"You're out late yourself, Mr. Duncan, for one of such regular, not to say abnormal, habits."
He laughed lightly. "Had a letter I wanted to catch the first morning train."
"Then you're interested in Sam's burner?"
"No, I'm not, but I hope to interest others....Oh, yes: Mr. Graham told you about it, of course.... It just struck me that if a man of Burnham's stamp was willing to risk five hundred dollars on the proposition, he very likely foresaw a profit in it that might as well be Mr. Graham's. So I've sent a detailed description of the thing to a friend in New York, who'll look into it for me."
He was silent for a little.
"Who's Colonel Bohun?" he asked suddenly.
"Why do you ask?"
"I saw him this evening.
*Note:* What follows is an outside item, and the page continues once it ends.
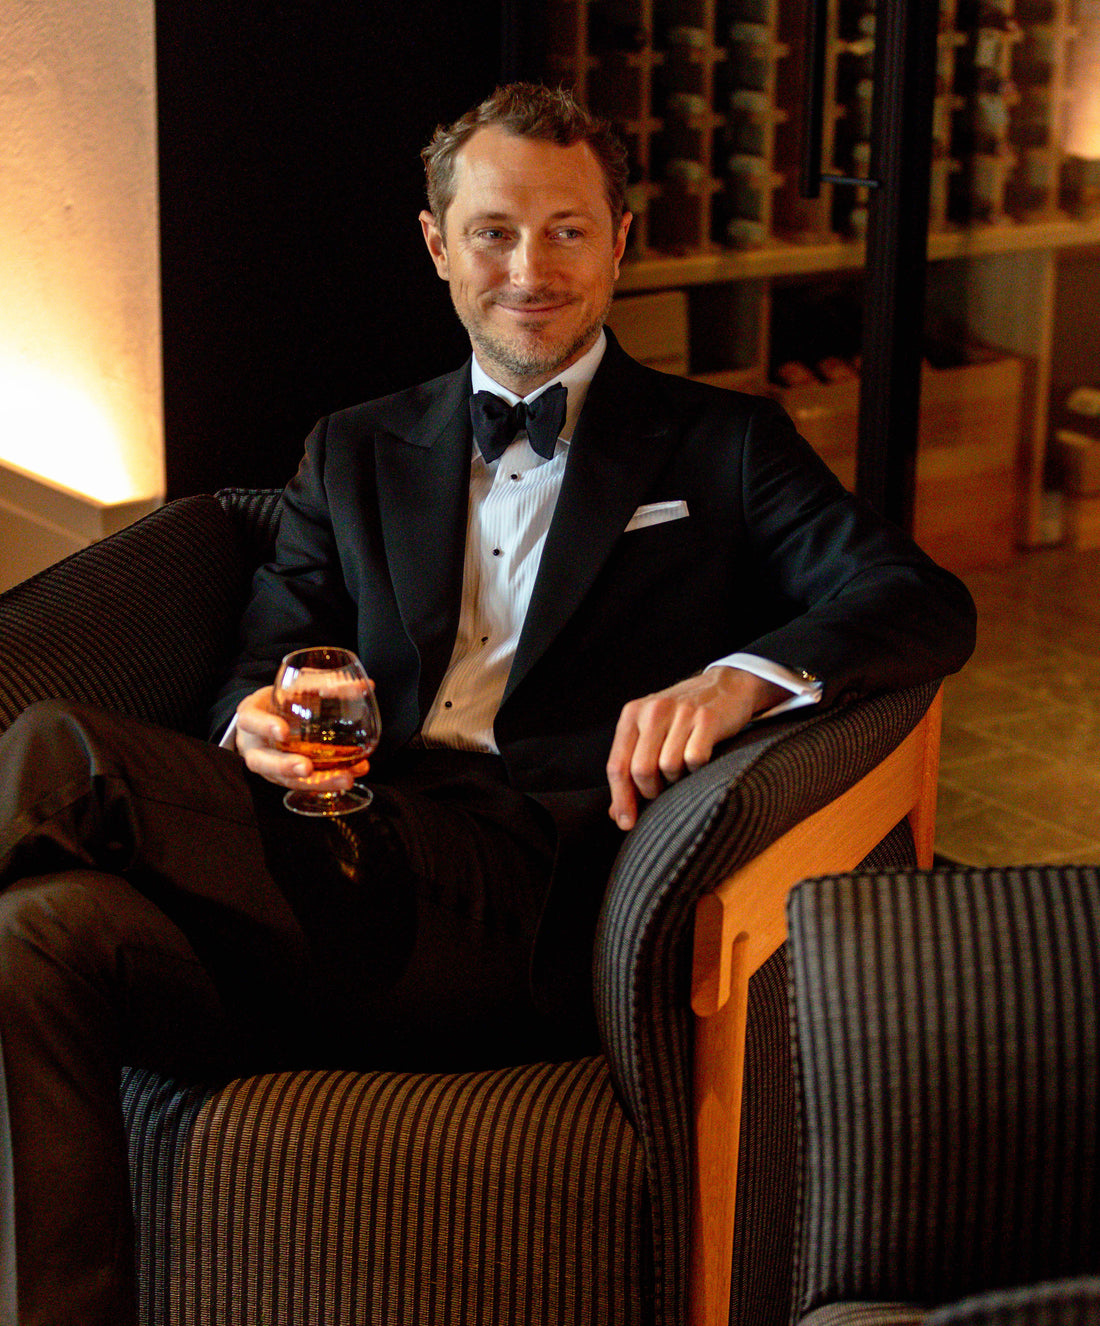 A man in a black tuxedo smiling, sitting in a dark chair with a glass of amber liquid, in a dimly lit room.

He was passing the store and stopped to glare in as if he hated it—stopped so long that I got nervous and asked Miss Lockwood (she'd just happened in for a parting glass—of soda) whether he was an anarchist or a retired burglar. She told me his name, but was otherwise inhumanly reticent."
"For Josie?" I chuckled; but he didn't respond. So I took up the tale of the first family of Radville.
"The story runs," said I, "that the Bohuns were one of the F.F.V.'s; that they sickened of slavery, freed their slaves and moved North, to settle in Radville. I believe they came from somewhere round Lynchburg; but that was a couple of generations ago. When the Civil War broke out the old Colonel up there"—I gestured vaguely in the general direction of the Bohun mansion—"couldn't keep out of it, and naturally he couldn't fight with the North. He won his spurs under Lee.... After the war had blown over he came home, to find that his only son had enlisted with the Radville company and disappeared at Gettysburg. It pretty nearly killed the old man—though he wasn't so old then; but there's fire in the Bohun blood, and his boy's action seemed to him nothing less than treason."